:: Data section ::
—————
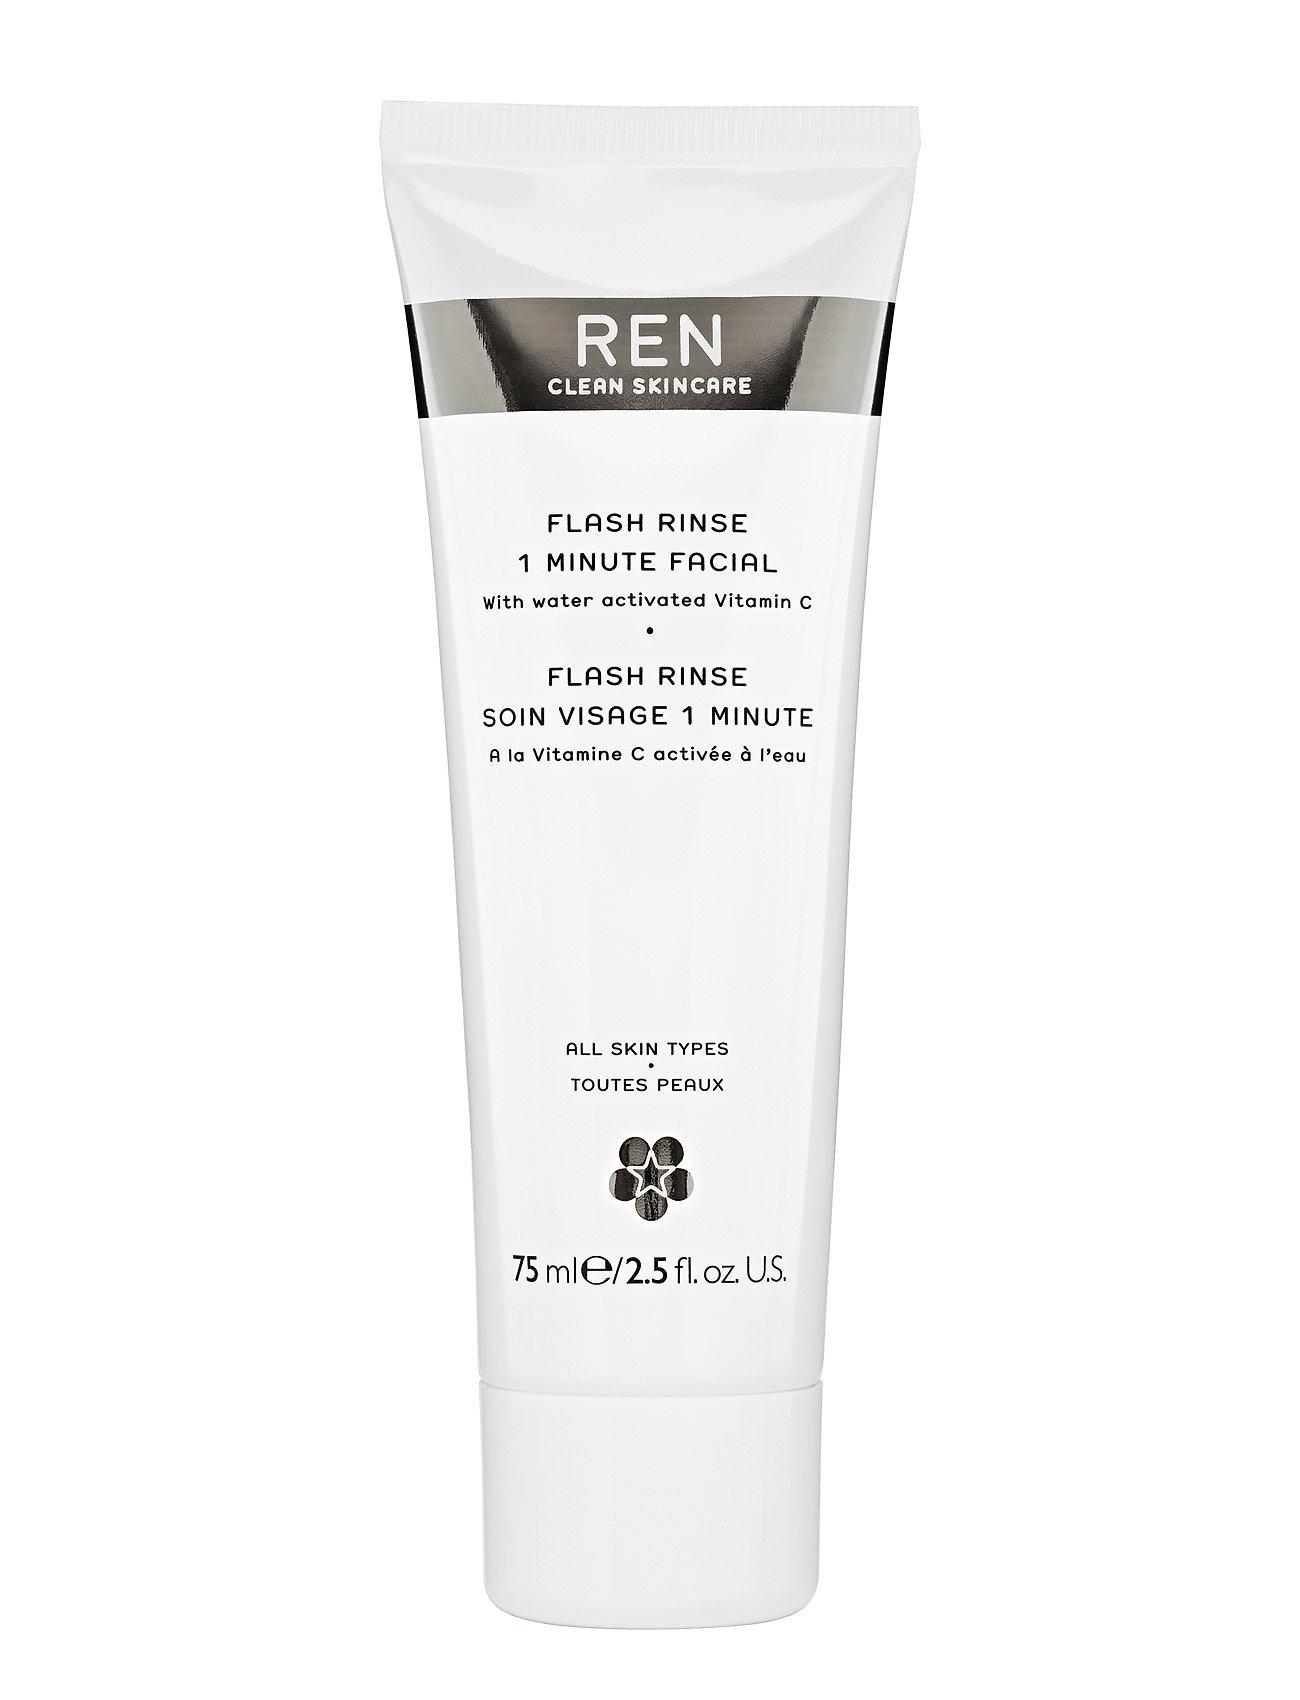 Flash Rinse 1 Minute Facial REN #I/T til Unisex i Klar
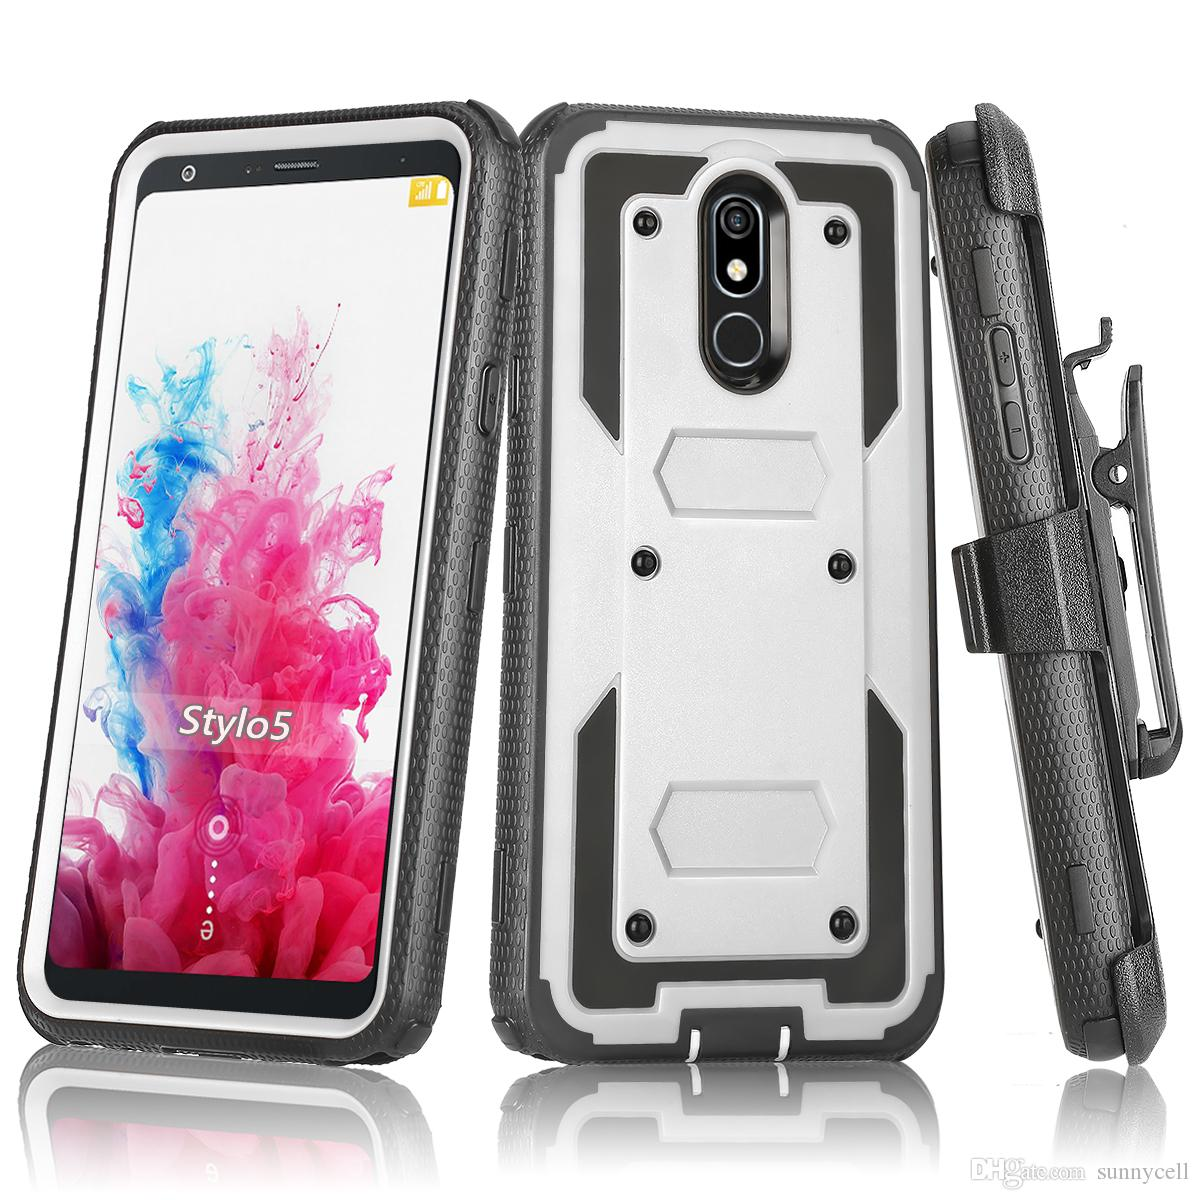 For Motorola E7 E6 Z4 G7 Play Plus Heavy Duty Shockproof Holster swivel Belt Clip Rotatable Kickstand Defender Phone Case Cover
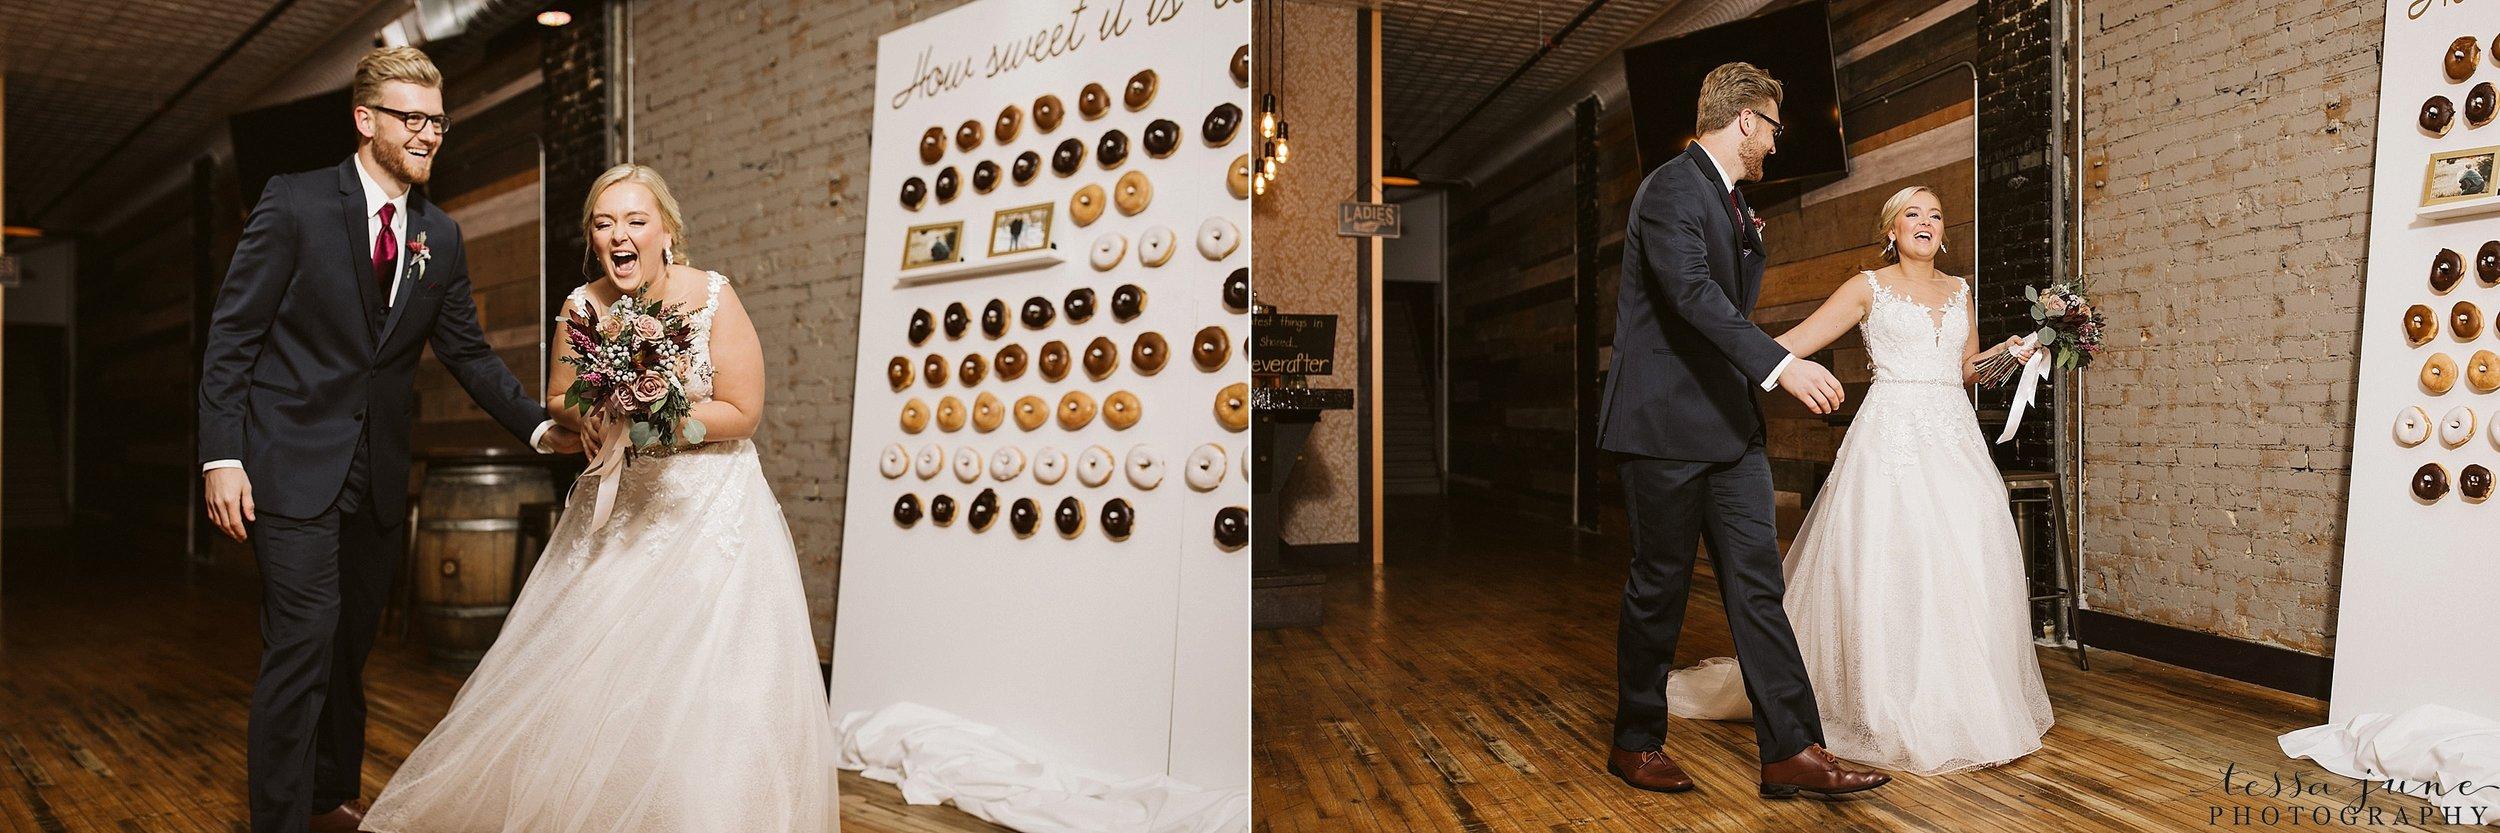 the-3-ten-event-venue-november-elegant-cozy-wedding-faribault-minnesota-125.jpg
—————
:: Work to be completed ::
Without any of its pictures, the listing is to be repeated exactly as it stands.

:: Solution to the problem ::
 Flash Rinse 1 Minute Facial REN #I/T til Unisex i Klar
 For Motorola E7 E6 Z4 G7 Play Plus Heavy Duty Shockproof Holster swivel Belt Clip Rotatable Kickstand Defender Phone Case Cover
 the-3-ten-event-venue-november-elegant-cozy-wedding-faribault-minnesota-125.jpg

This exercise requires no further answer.